The objective of this study is to determine whether the aggregate tumour size of every focus in multifocal breast cancer more accurately predicts 10-year survival than current staging systems which use the largest or dominant tumour size.


This study examined the original histological reports of 848 consecutive patients with invasive breast cancer treated in New South Wales (NSW), Australia between 1 April 1995 and 30 September 1995. Multifocal tumours were assessed using two estimates of pathologic tumour size: largest tumour focus diameter and the aggregate diameter of every tumour focus. The 10-year survival of patients with multifocal tumours measured in both ways was compared to that with unifocal tumours.

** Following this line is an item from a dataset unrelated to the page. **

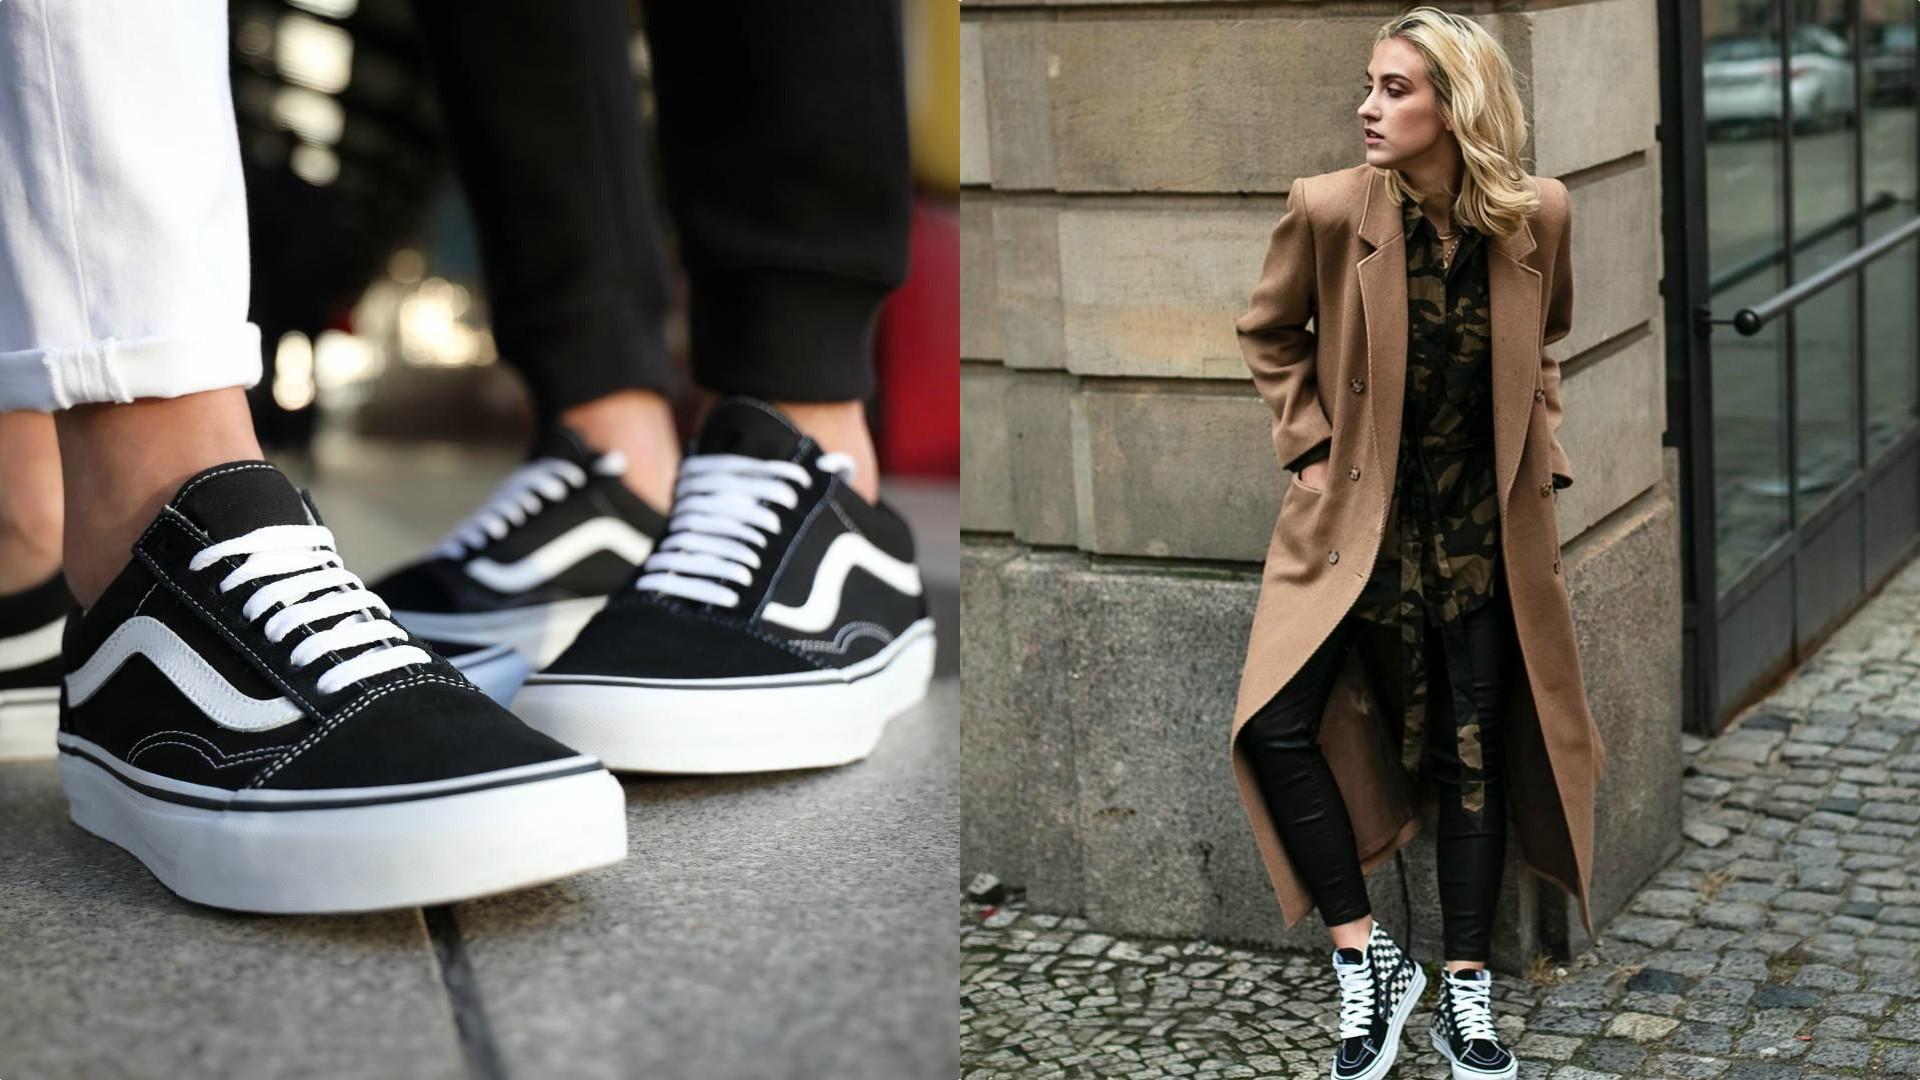 Te buty kochają Justin i Hailey Bieber, Bella Hadid i wiele innych gwiazd. Wiemy, gdzie je kupić

At a median follow-up of 10.4 years, 27 of 94 patients (28.7%) with multifocal breast cancer have died of breast cancer compared to 141 of 754 (18.7%) with unifocal breast cancer (P=.022). Ten-year survival was not affected by size for tumours measuring 20mm or less, whether or not dominant tumour size (87.9%) or aggregate tumour size (87.0%) was used for multifocal tumours, compared to unifocal tumours (88.1%). For tumours larger than 20mm, 10-year survival was 72.1% for unifocal tumours compared to 54.7% (P=.008) for multifocal tumours using dominant tumour size, but this was 69.5% and not significant when multifocal tumours were classified using aggregate tumour size (P=.49). Multivariate analysis also confirmed the above-mentioned results after adjustment for important prognostic factors.


Aggregate size of every focus should be considered along with other prognostic factors for metastasis when treatment is planned. The current convention of using the largest (dominant) lesion as a measure of stage and associated breast cancer survival needs further validation.